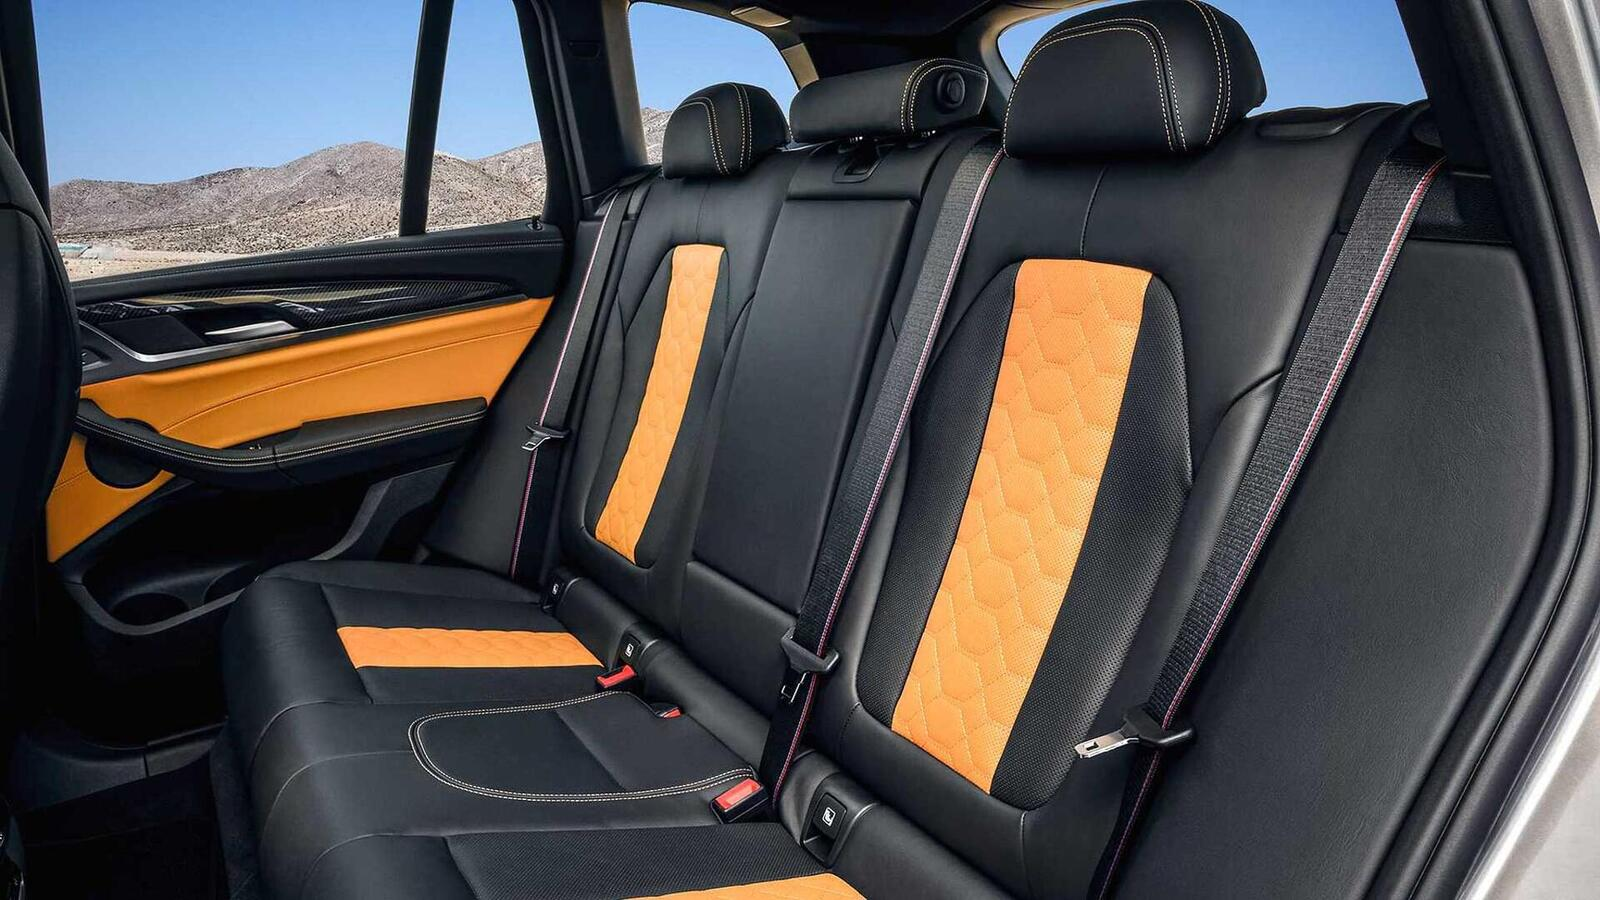 BMW X3 M và X4 M 2020 chính thức ra mắt: Mang trong mình sức mạnh từ 473 - 503 mã lực - Hình 12
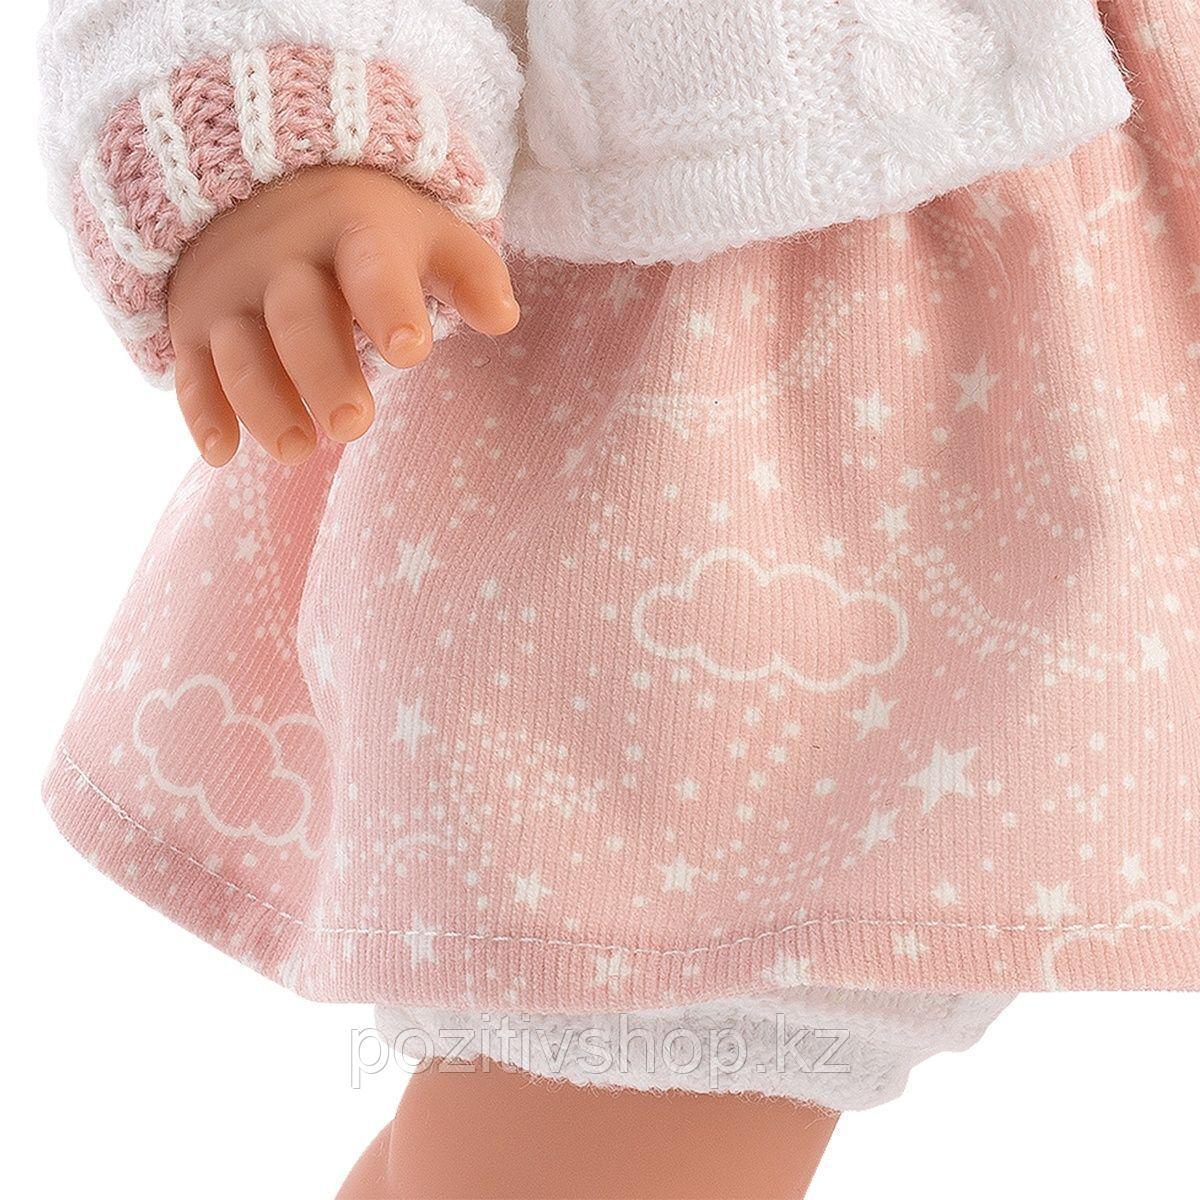 Кукла Llorens Лола 38см, брюнетка в белой курточке с капюшоном - фото 4
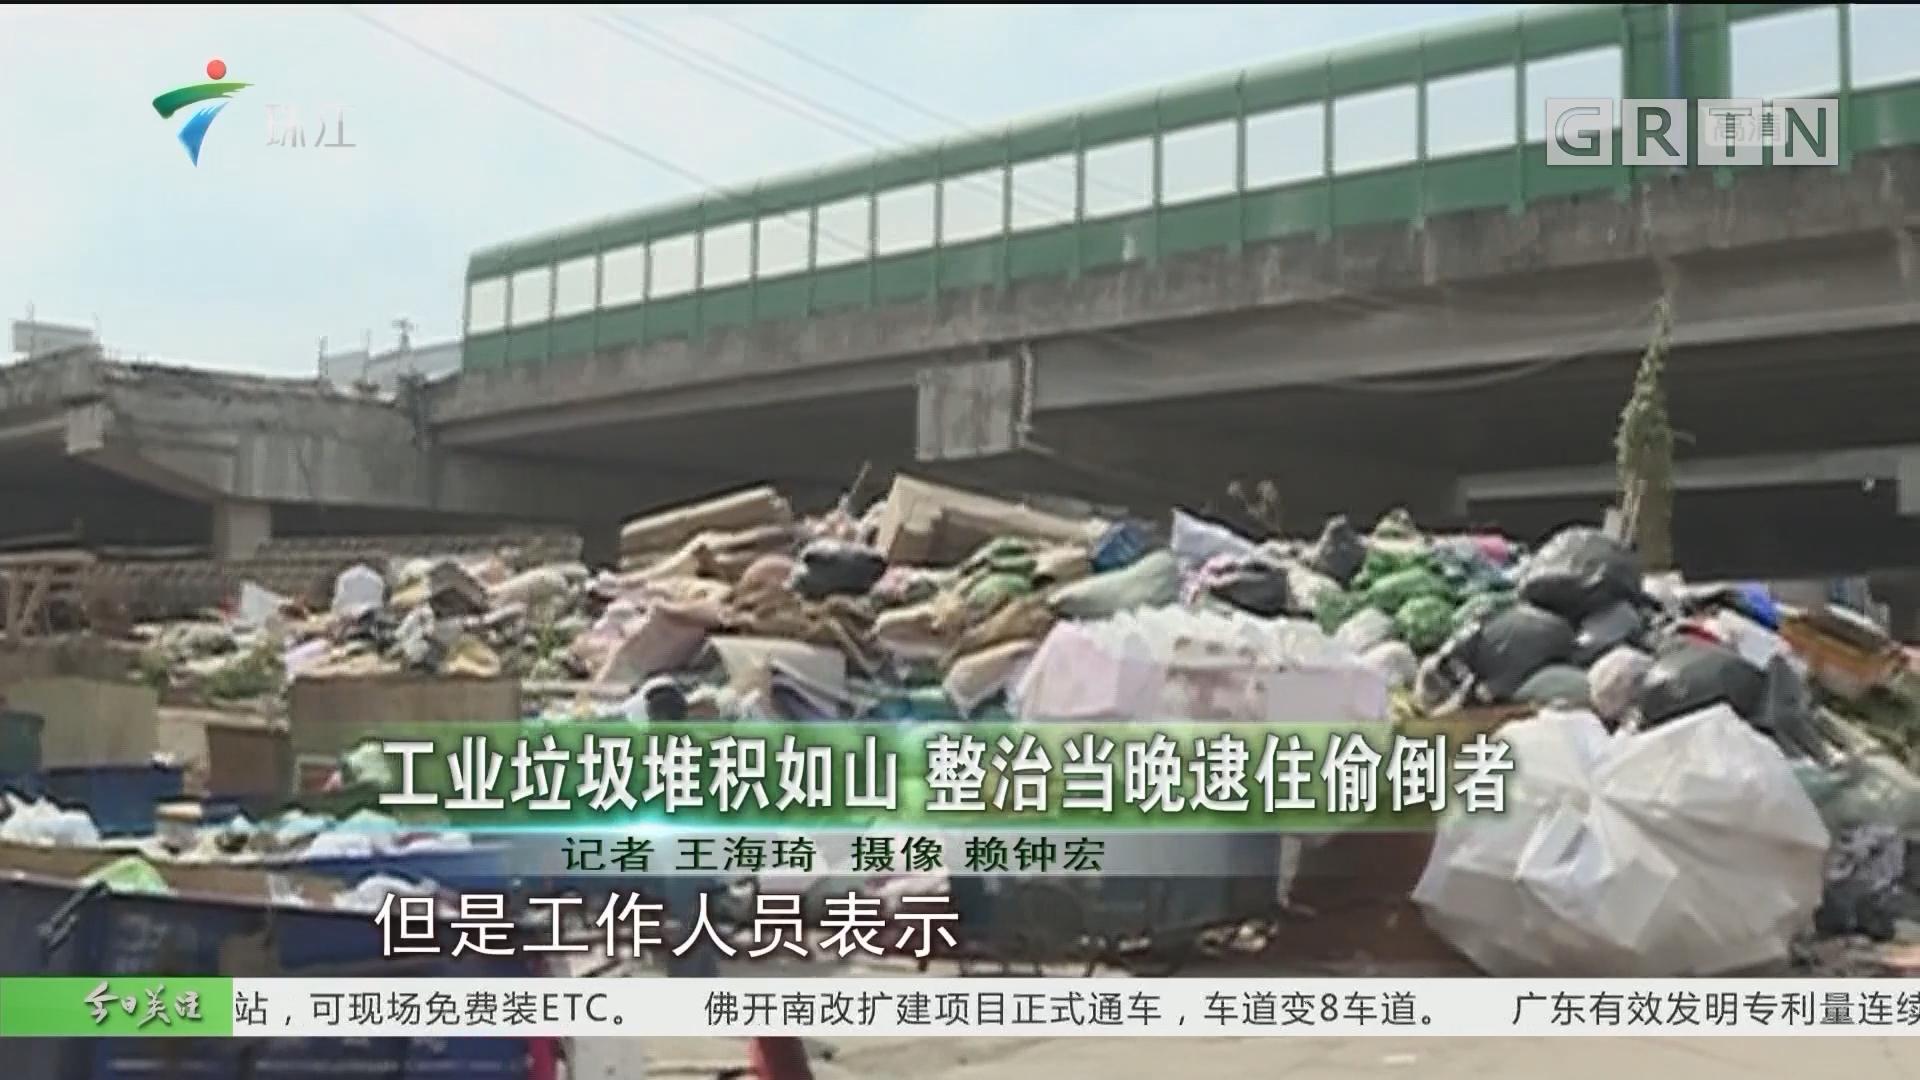 工业垃圾堆积如山 整治当晚逮住偷倒者
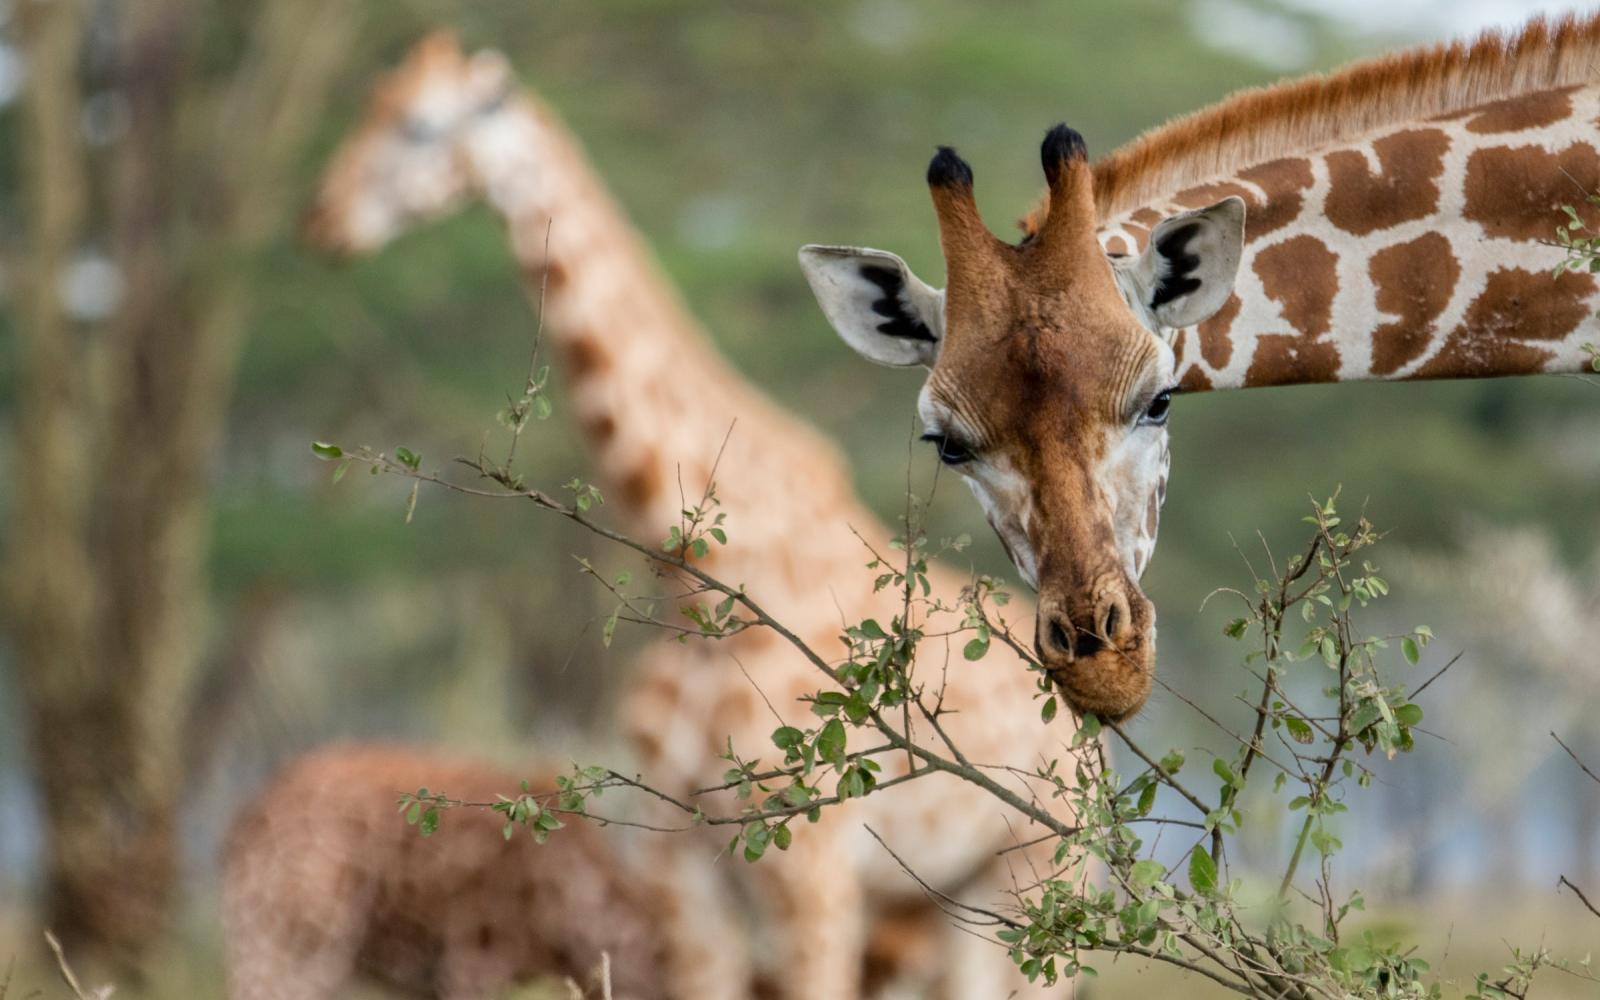 f34b746627e Girafe dans un parc national (Kenya). Transmettre son patrimoine
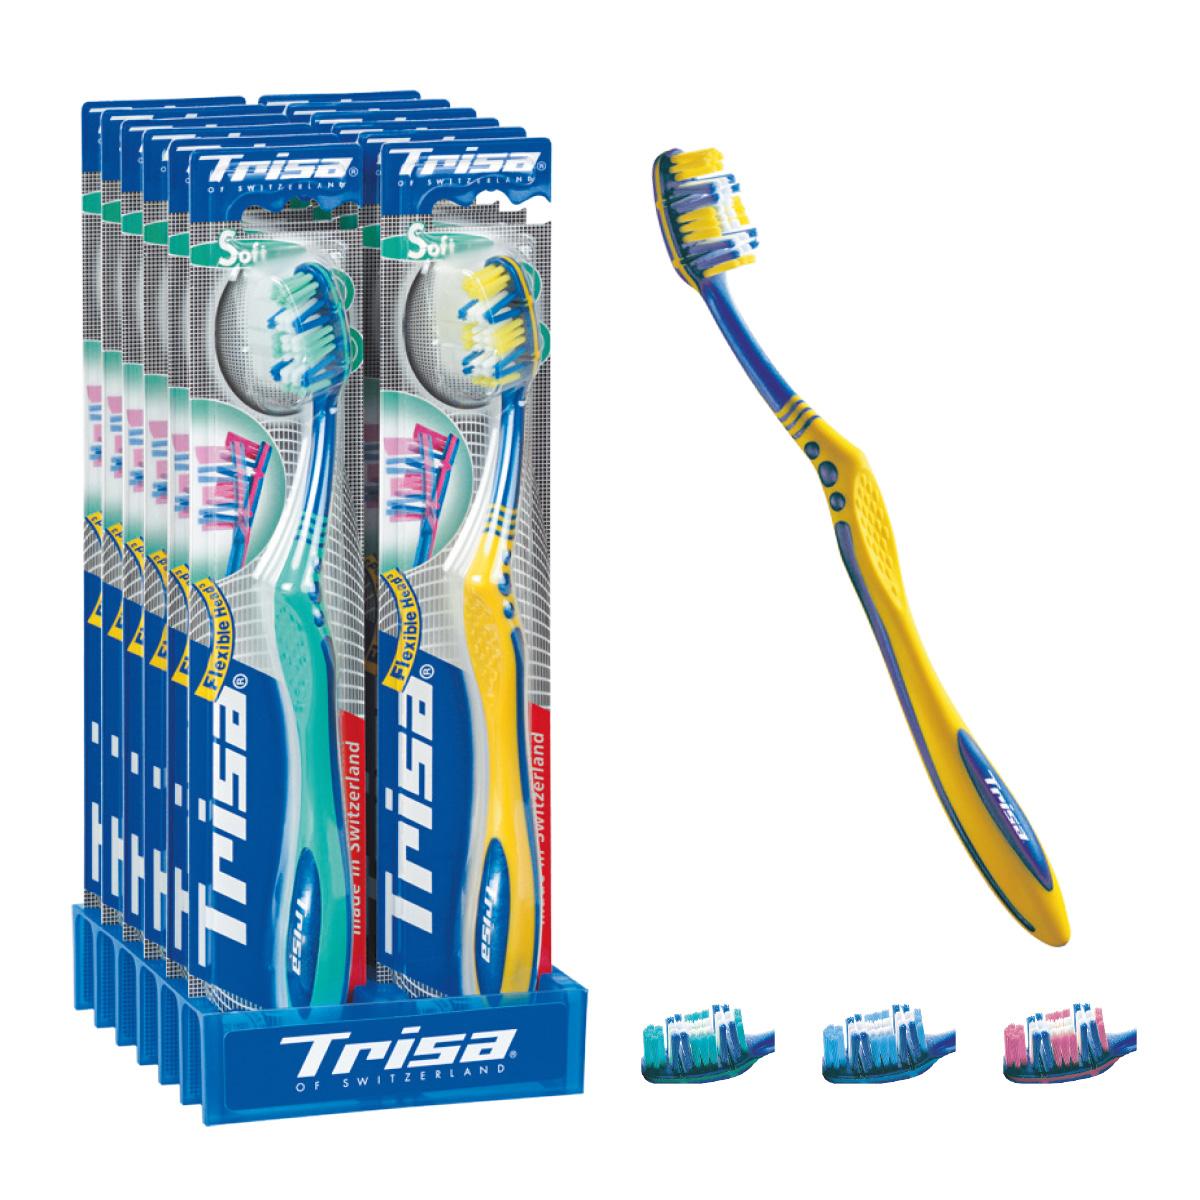 Trisa зубная щётка Флексибл Хеад жесткая 517437

+--

PROBLEM REQUIREMENTS
Without any pictures, retype the records above exactly.

YOUR SOLUTION
 BMW X3 M và X4 M 2020 chính thức ra mắt: Mang trong mình sức mạnh từ 473 - 503 mã lực - Hình 12
 Кукла Llorens Лола 38см, брюнетка в белой курточке с капюшоном - фото 4
 工业垃圾堆积如山 整治当晚逮住偷倒者
 f34b746627e Girafe dans un parc national (Kenya). Transmettre son patrimoine
 Trisa зубная щётка Флексибл Хеад жесткая 517437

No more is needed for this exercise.